The latest iteration of Goatswood, which opened earlier in August (and which Hera informs me will remain available for about a month), continues this tradition in offering the familiar setting with some new elements. It share the region in which it is located with a new build, Houndstead Abbey, which very much carries on – in a manner of speaking – from where Whitby Abbey left off, having previously shared the region with Goatswood back in April 2022 (see: Revisiting Hera’s Whitby in Second Life), as well as enjoying a number of iterations at Hera’s hands.

Throughout all of its iterations, Goatswood has offered one of the most naturally immersive environments for casual role-play available in Second Life, bringing together a rich mix of fantasy, Victorian-era elements (notably the railway station and stream train), the aforementioned medieval look and feel and a strong infusion of magic (be it dark or light).
Some of this history is celebrated within the short stories scattered throughout the setting (and thus encouraging carful exploration in order that they might be found and read) and which may help those interesting in doing so to enter the region’s photographic competition, which runs through until September 2nd, 2023 with a total prize pool of L$12,000 – of which L$8,000 will go to the first prize winner. Details of the competition can be obtained from the region’s landing point.

Retaining the sense of a Cotswolds origin, this version of Goatswood brings with it the familiar windmill, the Roebuck Coach House and the church, together with hints of daily life from work at the smithy through to an abandoned attempt at cricket on a green which has perhaps seen better days (and which is set before The Shunters Social Club, which some of us from the UK might seen as a little nod to both railway social clubs and a certain television series of a few decades ago).
One building I don’t recall from previous iterations is the circular keep sitting to the north-west of the town. This appears to have once been outside of the main walls of the town, reached via the road beyond via the road beyond the stream following along that side of Goatswood and using a solidly-built stone bridge to span the stream’s steep banks to reach the curtain walls of the tower’s courtyard. However, given more peaceful times now prevail, some of these curtain walls appear to have been dismantled, allowing the tower to more directly join with the town, little more than a low wooden gate sitting between the well-tended gardens which now occupy a good part of the tower’s courtyard and the street leading back to the Roebuck.

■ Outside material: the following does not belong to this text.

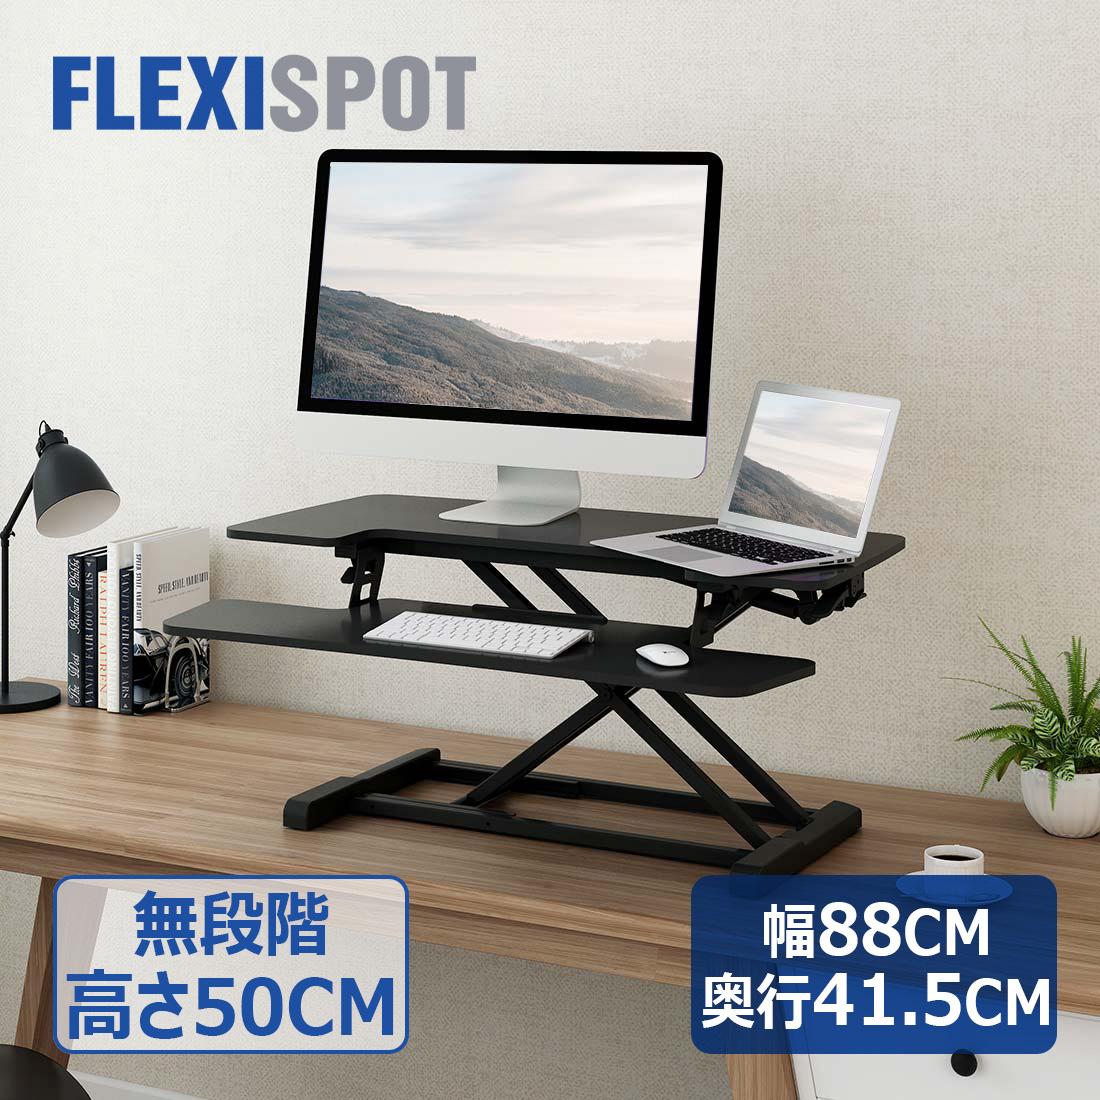 立ち机 高さ調節 コーナーデスク角机対応 ブラックM17MB FlexiSpot フレキシスポット オフィスデスク リフトアップデスク スタンディングデスク 折りたたみ可能 激安 卓上台 まとめ買い特価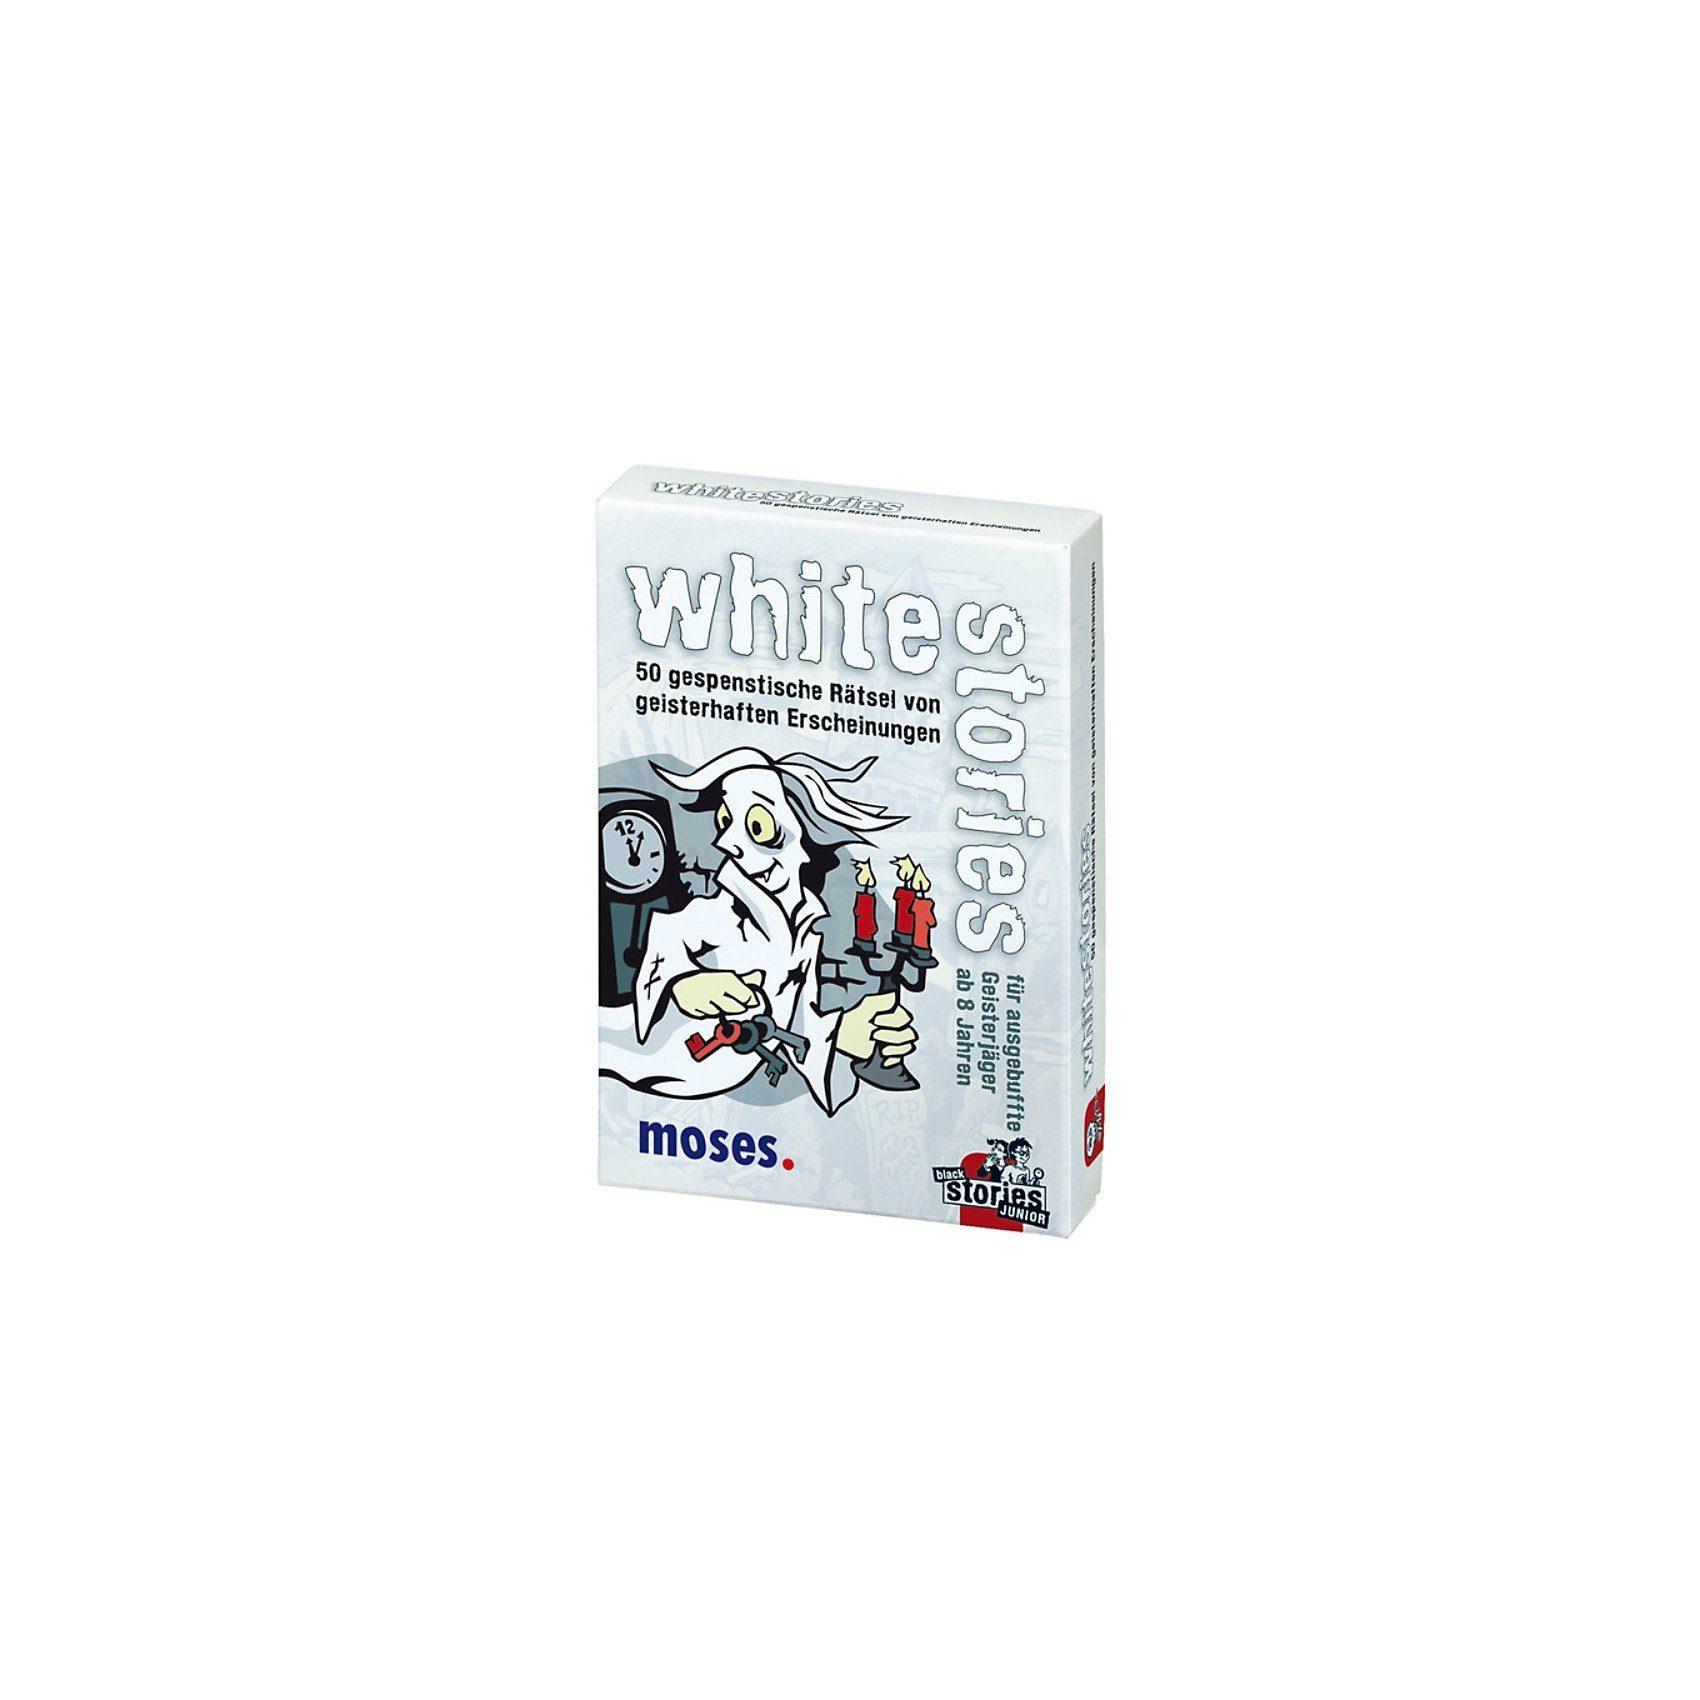 moses White Stories - 50 gespenstische Rätsel von geisterhaften Er

The tower is one of several furnishing buildings within the setting, and it offers a curiously attractive blending of fantasy with classical romanticism (such as the painting within the boudoir-come-bedroom on the middle floor, with its suggestions of Guinevere and Lancelot – or perhaps Tristan and Isolde, as both fit), medieval practicalities (the tapestries draped on the walls) and genteel English afternoons of the landed (afternoon tea and a spot of painting). All with just a flavouring of the magical essence that permeates Goatswood.
There is much that I could write about this corner of mythological / imagined England, notwithstanding my previous writings on Goatswood in these pages. However, it remains a place that should be best seen and experienced than written about – so I will leave you to catch the train from the landing point (touch the Goatswood sign over the platform, rather than – as with past iterations – touching the open door of the carriage). Instead, I’ll turn my attention to Houndstead Abbey, the second part of the setting, and reached via the sign on the other side of the landing point’s railway platform to that for Goatswood.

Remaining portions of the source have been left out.